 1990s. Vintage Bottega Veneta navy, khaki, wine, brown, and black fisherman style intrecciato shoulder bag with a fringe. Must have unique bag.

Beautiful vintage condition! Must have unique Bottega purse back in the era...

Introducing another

========================

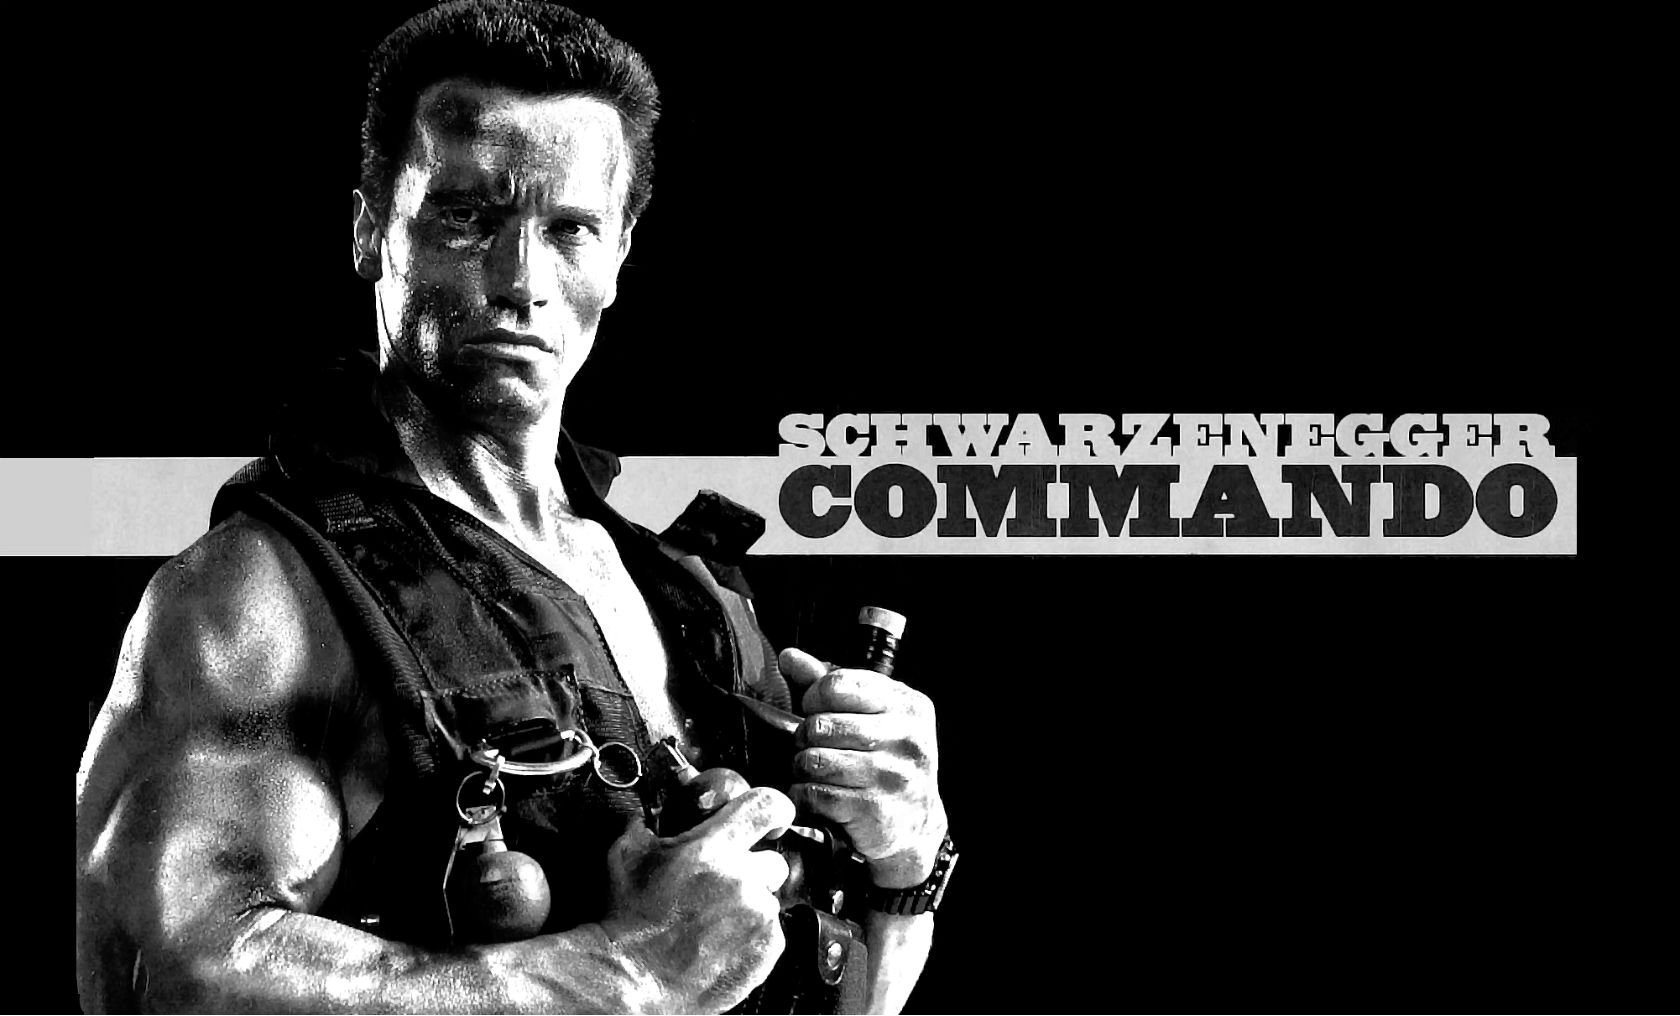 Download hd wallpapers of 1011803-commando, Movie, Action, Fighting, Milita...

========================

### DIRECTIONS
Using the material above, transcribe exactly the lines from the line with "1990s. Vintage Bottega" to the line with "Introducing another"; both count, and nothing else goes in.

### RESULT OF THIS TASK
 1990s. Vintage Bottega Veneta navy, khaki, wine, brown, and black fisherman style intrecciato shoulder bag with a fringe. Must have unique bag.

Beautiful vintage condition! Must have unique Bottega purse back in the era...

Introducing another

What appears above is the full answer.